This post is also available in: heעברית (Hebrew)

Vision and understanding images is no longer the purview of biological creatures only. In recent years, computers have become astonishingly good at understanding what they’re seeing. Microsoft and Google have both showcased systems last year that are much better at recognising objects in images than humans, the MIT Technology Review reports.

Behind these successes lies “a technique called deep learning, which involves passing data through networks of roughly simulated neurons to train them to filter future data.” In deep learning, the neural networks are arranged in hierarchical layers. Data passes through them in a particular order, and each layers “learns,” or becomes specialised, for a particular type of processing, to identify particular visual features.

Convolutional nets, the neural networks used for visual processing were inspired by studies on, and are in effect attempts to replicate, the neural structures in the visual cortex of animals.
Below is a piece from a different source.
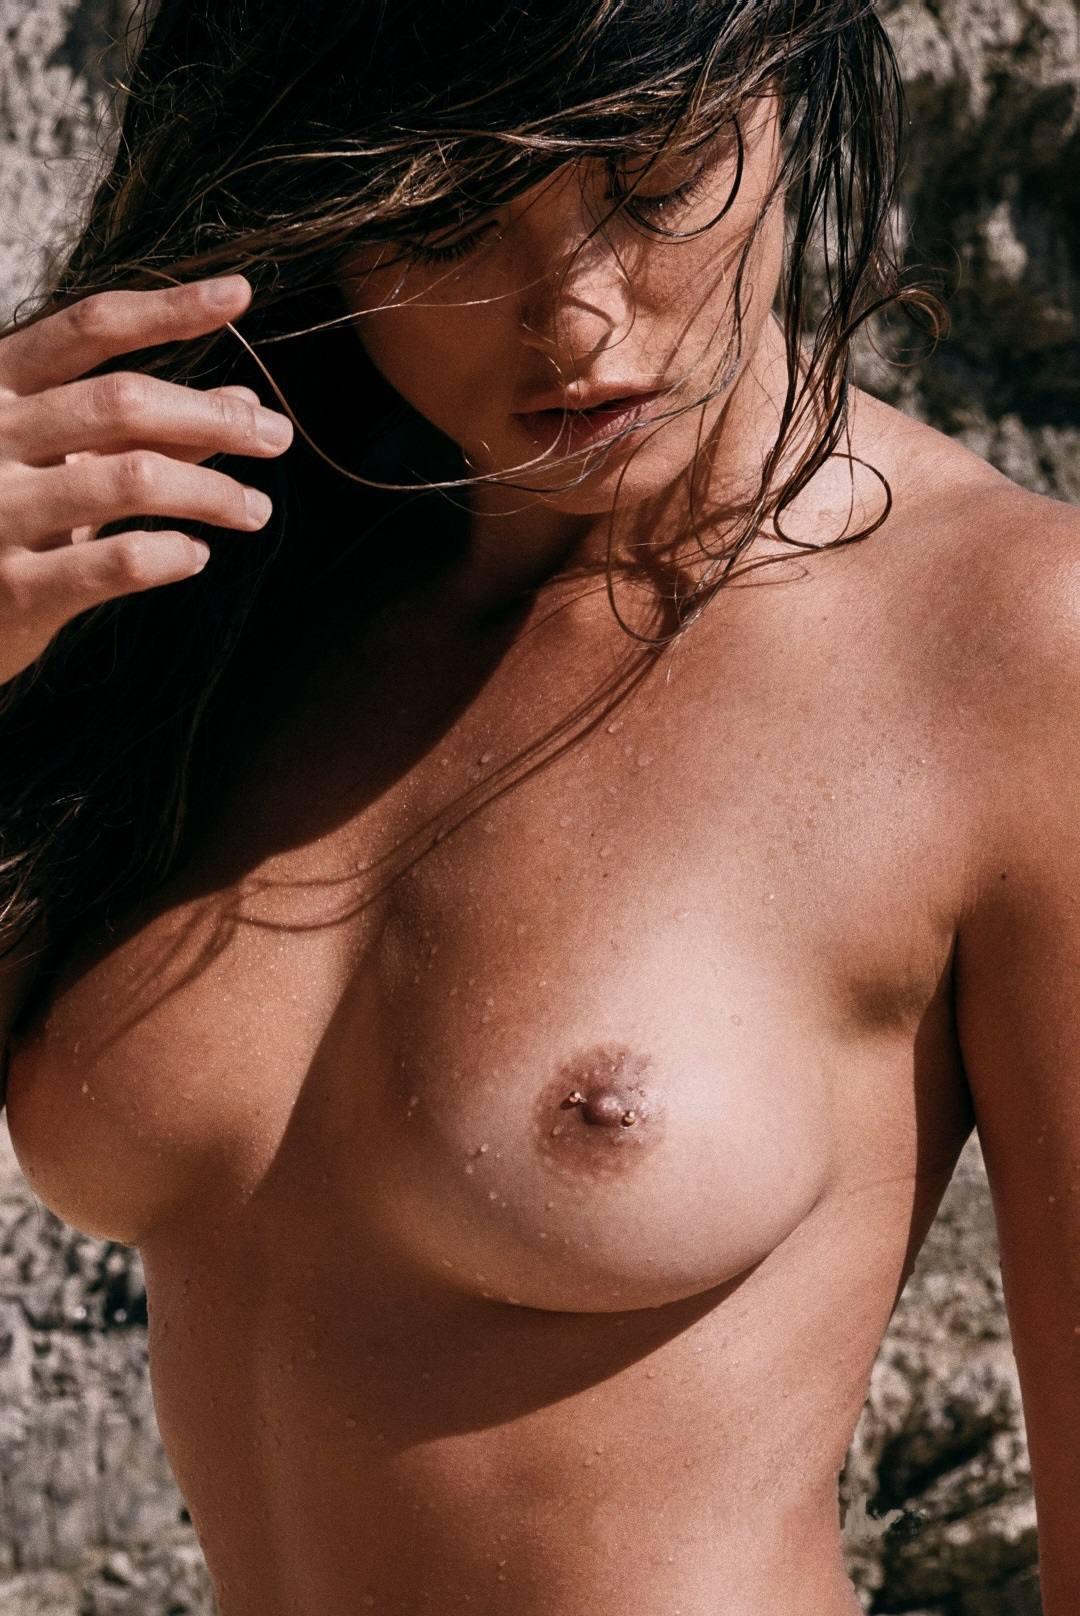 Cherokee Luker – Sexy Boobs In Beautiful Topless Photoshoot By Josh Ryan (nsfw) 0008

“These networks are a huge leap over traditional computer vision methods, since they learn directly from the data they are fed,” says Matthew Zeiler, CEO of Clarifai, a provider of image recognition services.

In the past, programmers had to invent the algorithms that would seek out visual features in photos. The results were just not very good.

Zeiler’s software, based on methods he developed as a grad student at New York University, worked through million of images to train the network. The software is tasked with identifying distinct objects, from mugs to cars to buildings. Different features in images activate different layers of the neural networks, which in turn reinforces the network’s role in identifying this particular feature. In effect, millions of passes through the image stack teach the software to do the passes better.